Мне же почему-то бросались в глаза все эти изменения. Может потому, что я был из тех странных, почти чокнутых типов, которые очень не любят, когда что-то привычное в их жизни меняется.
Почему тебе не плевать, когда все остальным плевать? Ну, закрылся этот никчёмный книжный магазин, и что? Сейчас всё равно книги уже никто не покупает, дешевле и проще скачать. Нужно быть либо с большими загонами, либо обыкновенным выпендрёжником - пальцы веером, чтобы сидеть, как заправский хипстер на тусовке у подобных же удодов и попивая чаек с лимоном, листать томик Кафки в мягкой обложке, или что там нынче популярно?
Может, потому, что у меня с этим местом была связана история...Ну, знайте, такая неразрывная пуповина - глупая привычка, которую ты повторяешь из раза в раз, порой чисто на автомате, не понимая зачем, не отдавая себе отчёта. Просто нравится, и всё тут. К чему глупые рассуждения?
Я заходил в этот магазин, когда ещё учился в школе. Да, давненько это было... Кажется, что совсем недавно...К чему я это? Ах, да, я заходил сюда каждый раз, когда шёл в гости к бабушке. Не то, чтобы мне не хотелось к ней идти, слушать её старушечий бред, порезаться пару часов в картишки....
Нет, не то. Каждый раз застывая перед высокими стеллажами, которые выталкивали на меня тысячи разноцветных переплётов, я не пытался выбрать себе очередную обновку (хотя знал, что бабушка обязательно сунет сколько-нибудь денег), не искал что бы ещё почитать. Мне нравилось смотреть, какие они, доставать каждую, брать в руки, листать, чувствовать запах свеженькой бумаги, только что вышедшей из типографии, открывать случайную страницу и впиваться глазами в текст...

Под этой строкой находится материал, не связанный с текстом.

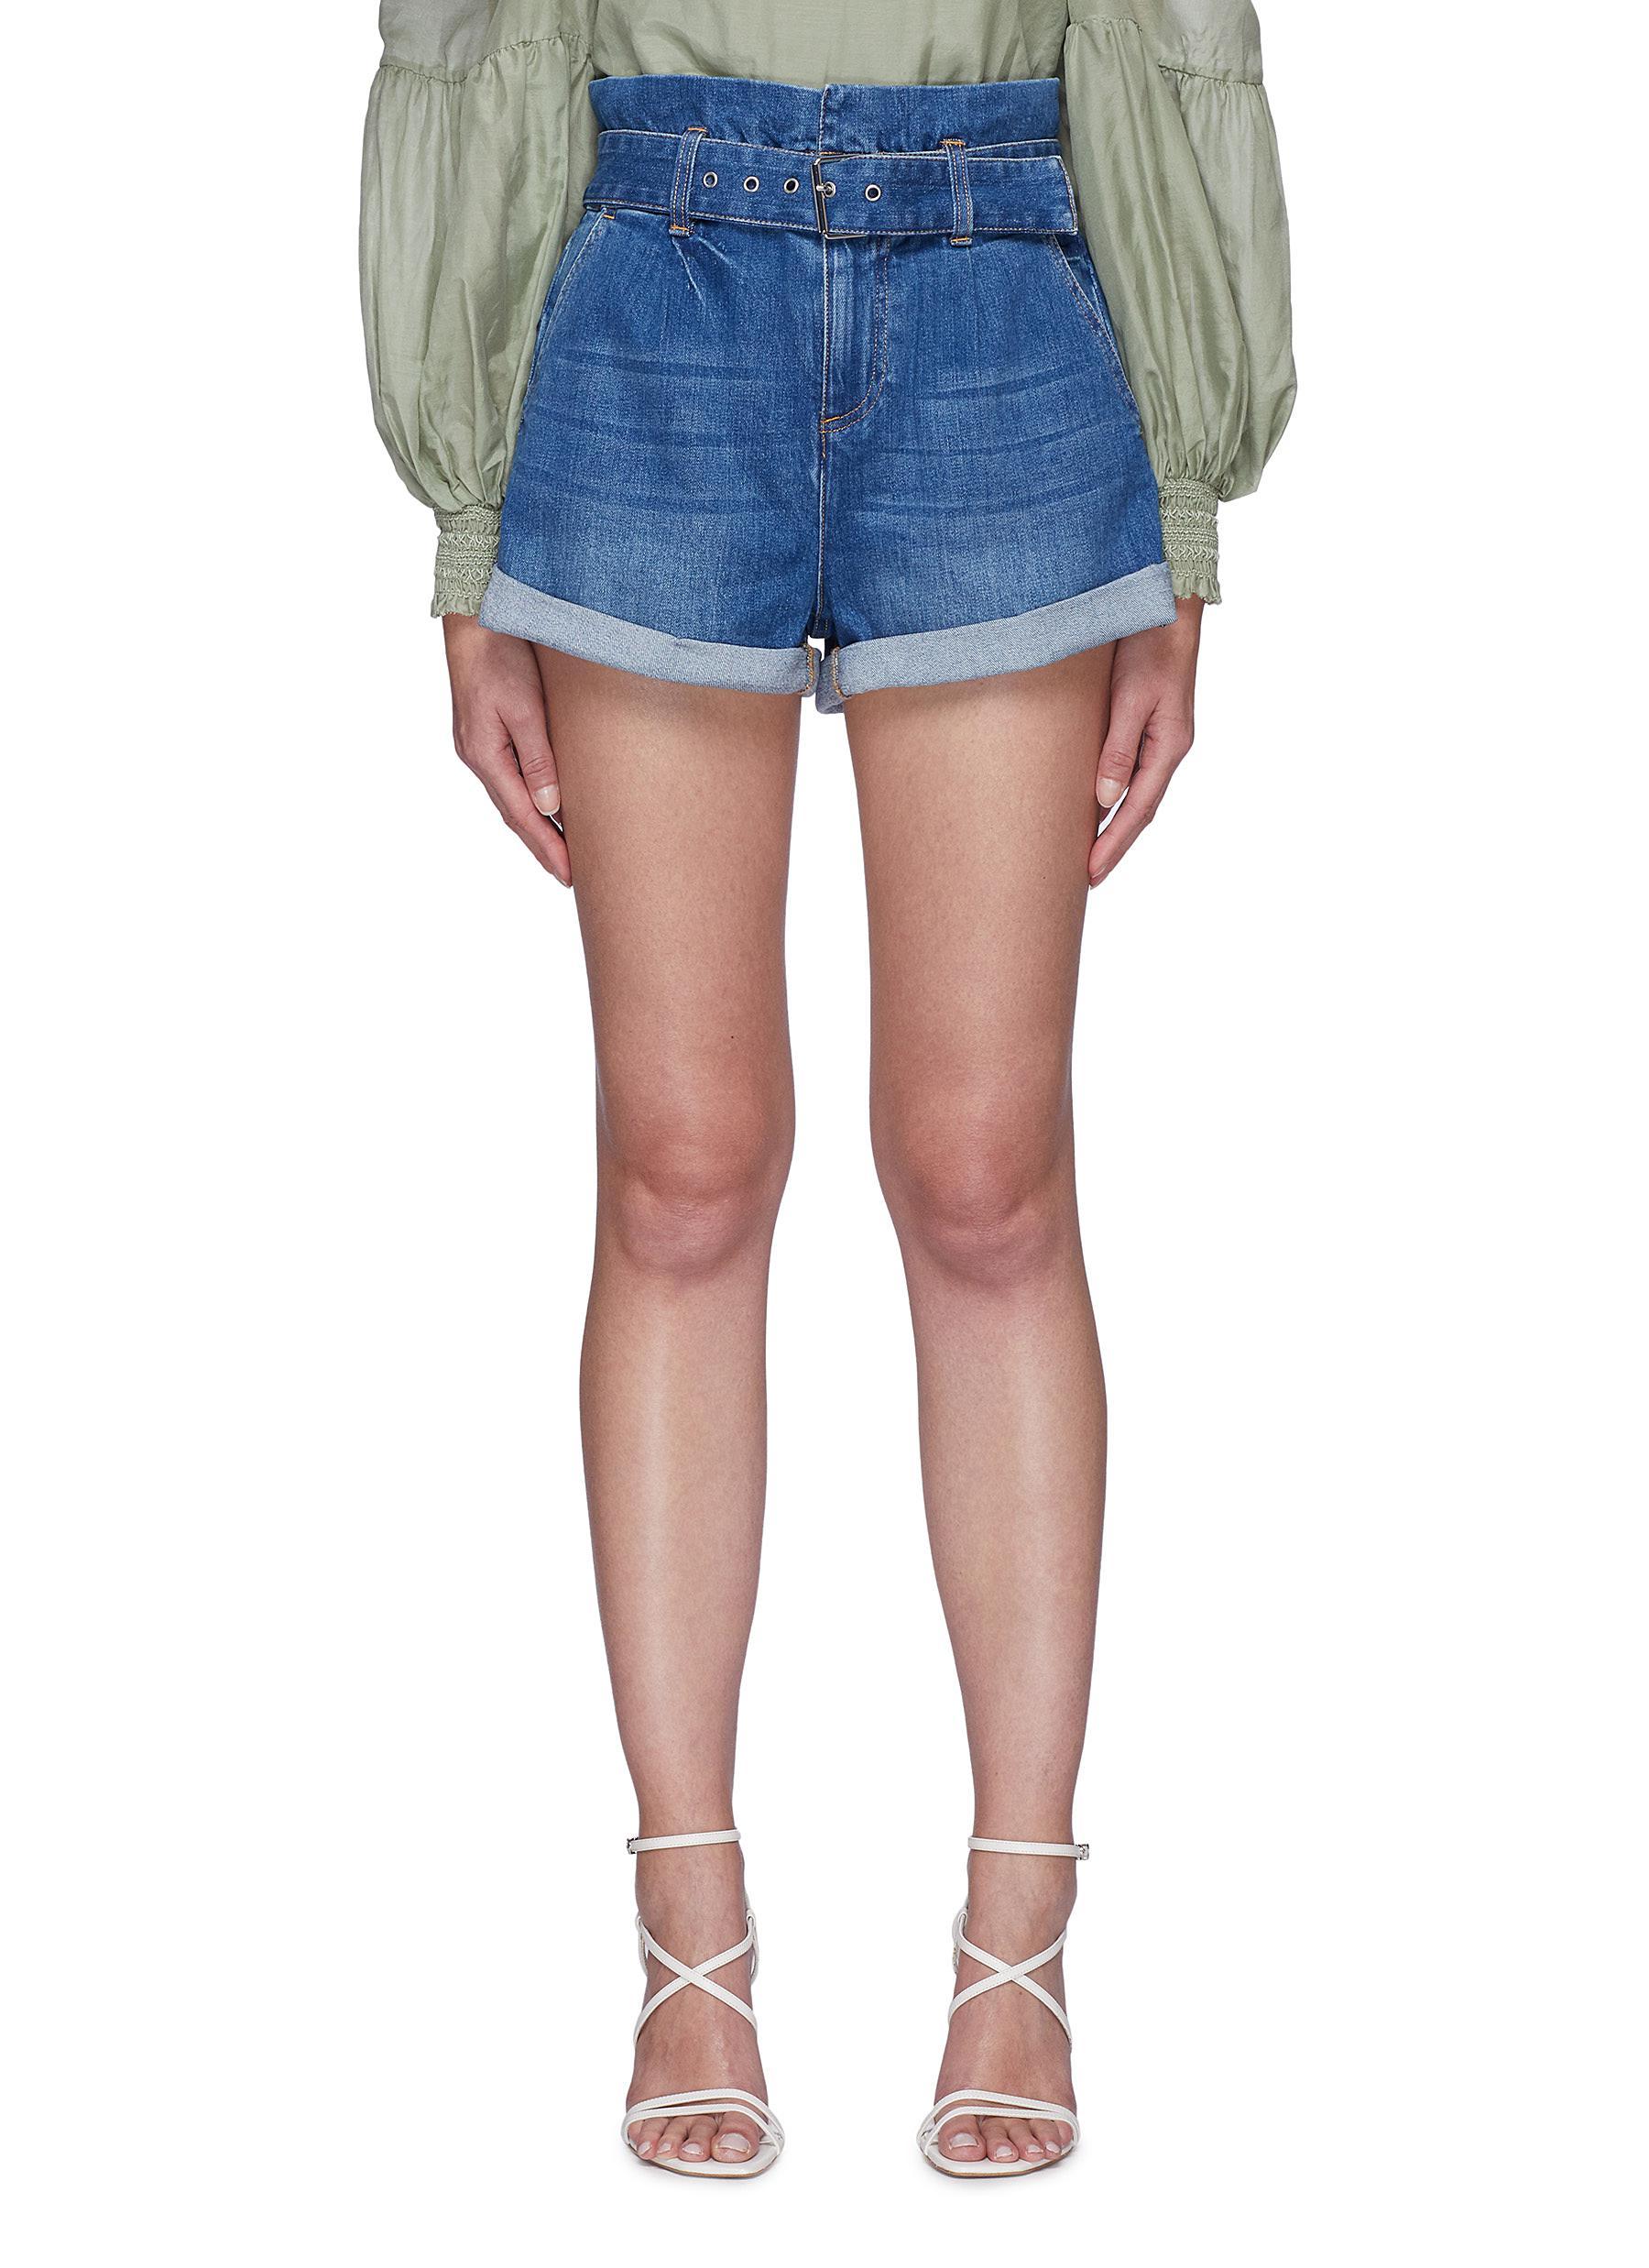 Rosemary' belted paperbag denim shorts - ALICE + OLIVIA - Modalova

Я не давал себе отчёта, почему мне это доставляло удовольствие. Иногда лучше не копать так глубоко в себя.
Теперь я смотрел на приоткрытую дверь, подпёртую куском кирпича и знал, что сейчас оттуда вытащат очередной книжный шкаф с приклеенной на него небрежно вырванной из тетради бумажкой, на которой будет значится "1500. Иванова. Уплачено". Значит скоро его увезут. Как и пару других до этого. Хороший шкаф, добротный, цвета охры. Сам бы взял за такую цену, да вот ставить некуда.
Зачем я смотрю на опустевшие полки? К чему всё это? Вокруг сентябрь пожирает последнее золото осени, и небо над головой брызжет насыщенной синевой, отдавая привкусом затянувшегося лета, а я смотрю как на растрескавшийся асфальт падают бледно-жёлтые листья клёна, а потом перевожу взгляд на мутные окна, уставившиеся на меня в ответ.
"Сдаётся в аренду". Нет, пока ещё между ними не вставили плакат с этой надписью. Но раковый больной знает, что вскоре умрёт. Так зачем отталкивать неотвратимое?
3
Моя бабушка умирала много лет. Когда тебе переваливает за семьдесят, ты невольно начинаешь ждать смерть в ости каждый день. От этого у тебя портиться характер, ты черствеешь, грубеешь, сморщиваешься, съёживаешься пред лицом...
Хотя нет, это я вру. Нет никакой лирики в прозаичной и до боли формальной человеческой физиологии. Характер у неё всю жизнь был не сахар.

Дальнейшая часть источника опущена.